Trasformare in terra fertile campi quasi inutilizzabili. Lo svizzero Ernst Götsch, padre del metodo di coltivazione sintropica, ci è riuscito con una piantagione di cacao abbandonata a Bahia, nel nord-est del Brasile, trasformandola in una «farm» rigenerativa. È diventato così una sorta di guru della coltivazione sintropica. Il modello rientra nel concetto più ampio di agricoltura rigenerativa.
Cos’è l’agricoltura rigenerativa e perchè serve al pianeta
Il metodo spiegato dalla giornalista Silvia Lazzaris : «Non ridisegnerà il sistema globale da sola, ma è uno strumento potente per recuperare suoli degradati, combattere la desertificazione, rafforzare le comunità rurali»

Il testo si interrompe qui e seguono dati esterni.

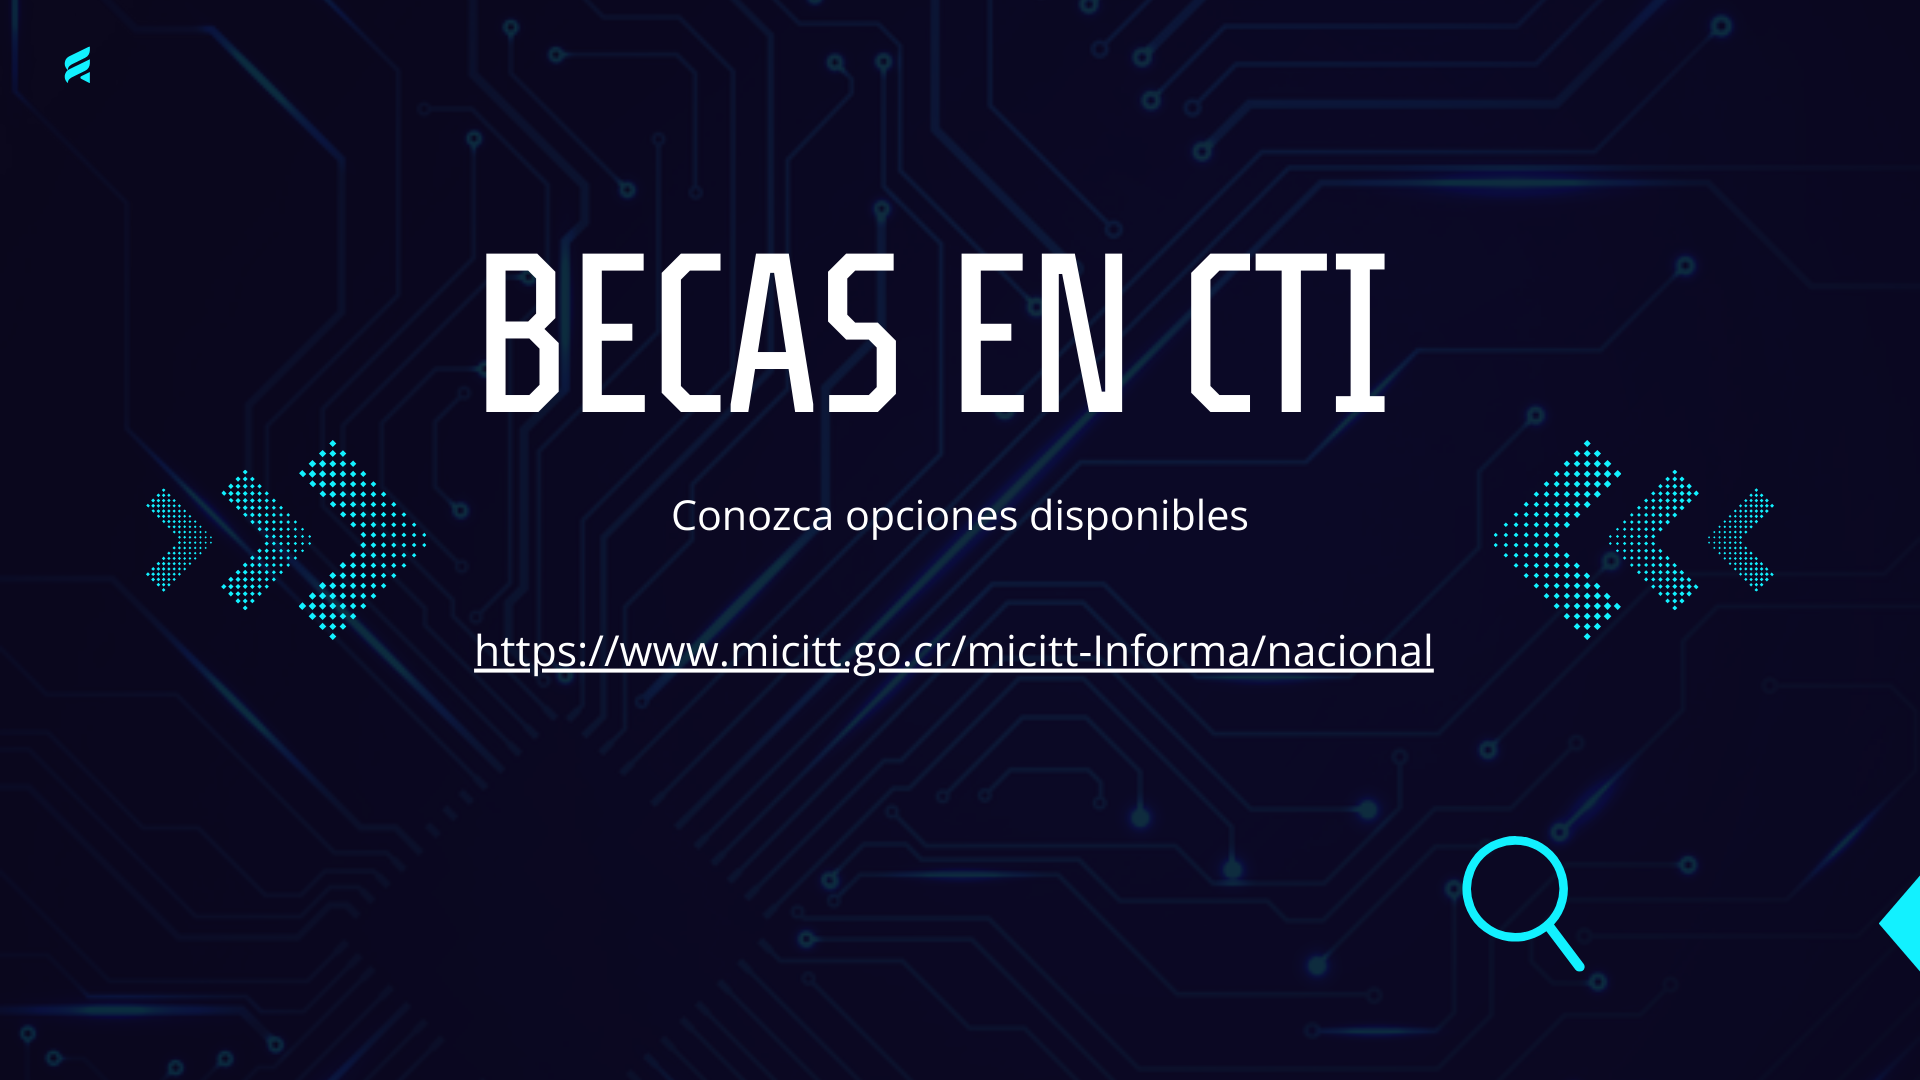 Becas en CTI, conozca  opciones disponibles https://www.micitt.go.cr/micitt-informa/nacional

L’esperienza è raccontata dalla giornalista freelance Silvia Lazzaris, che ha visitato la «farm» di Götsch e l’ha intervistato: ne parla nel documentario «Farming, Redefined» , prodotto da FoodUnfolded e distribuito in Italia da Will Media. «Visitare l’azienda di Götsch – spiega Lazzaris – ribalta completamente il concetto di campo coltivato. A un primo sguardo si mimetizza con la foresta atlantica; poi, osservando con attenzione, ci si accorge che a ogni livello di copertura forestale ci sono coltivazioni: cacao, banane, frutti tropicali. Tutto è coltivato senza una goccia di irrigazione, fertilizzante, pesticida».
Il principio di fondo
Qual è il concetto alla base dell’agricoltura rigenerativa? «Il principio di fondo è lasciare il suolo in condizioni migliori di come lo si è trovato. È in parte una risposta alle ferite lasciate dall’agricoltura convenzionale, a un utilizzo eccessivo di fertilizzanti e pesticidi, alla perdita di biodiversità, acqua e suolo», spiega la giornalista, specificando che ci sono diverse forme agricole che rientrano nella categoria di rigenerative. «Ci sono alcuni elementi in comune con l’agricoltura biologica, come la rotazione delle colture o le piantagioni di carrubo. L’agricoltura rigenerativa, però, rispetto al biologico non impone pratiche: si parla di principi da tradurre in misurazioni e risultati tangibili. Per esempio, non si vieta l’uso di pesticidi, ma si mira a capire quanta acqua trattiene il suolo, quanti microbi o nutrienti ci sono al suo interno – prosegue Lazzaris –. Non tutti gli esempi di “farm” rigenerative adottano il metodo di Götsch: un elemento comune è l’attenzione forte al riequilibrio dell’ecosistema. La convivenza con flora e fauna autoctone è fondamentale, le erbacce sono considerate le migliori amiche dell’agricoltore». Anche sul piano giuridico la distinzione è importante: «Il termine “rigenerativo” lascia ancora ampio margine di interpretazione, a differenza del biologico che, regolamentato a livello europeo attraverso standard rigidi, copre solo il 10% dei terreni agricoli europei e il 2% di quelli mondiali. La mancanza di una certificazione ufficiale implica, da un lato, una leggerezza burocratica e un’adattabilità ai contesti, dall’altro il rischio di svuotarsi di ogni significato e trasformarsi in greenwashing», sostiene Lazzaris.
Un esempio anche a Ibiza
Il documentario pone l’accento sul tema dei limiti di applicazione di questa tipologia di agricoltura: «Molti sostengono che non siano climatici o geografici ma legati alla forza lavoro – osserva Lazzaris –. Servirebbero molte persone e molti terreni. Non c’è solo la foresta atlantica: dal documentario emerge anche l’esempio di una realtà spagnola, Juntos Farm di Ibiza, dove la rigenerazione è intesa come il rafforzamento delle comunità locali e della loro indipendenza. «L’avanzamento tecnologico potrebbe aiutarci, ma quello sviluppato finora funziona soprattutto per le monocolture e l’agricoltura convenzionale.
L’agricoltura rigenerativa non ridisegnerà il sistema globale da sola, ma è uno strumento potente per recuperare suoli degradati, combattere la desertificazione, rafforzare le comunità rurali. Soprattutto insegna che le monocolture non sono l’unica via».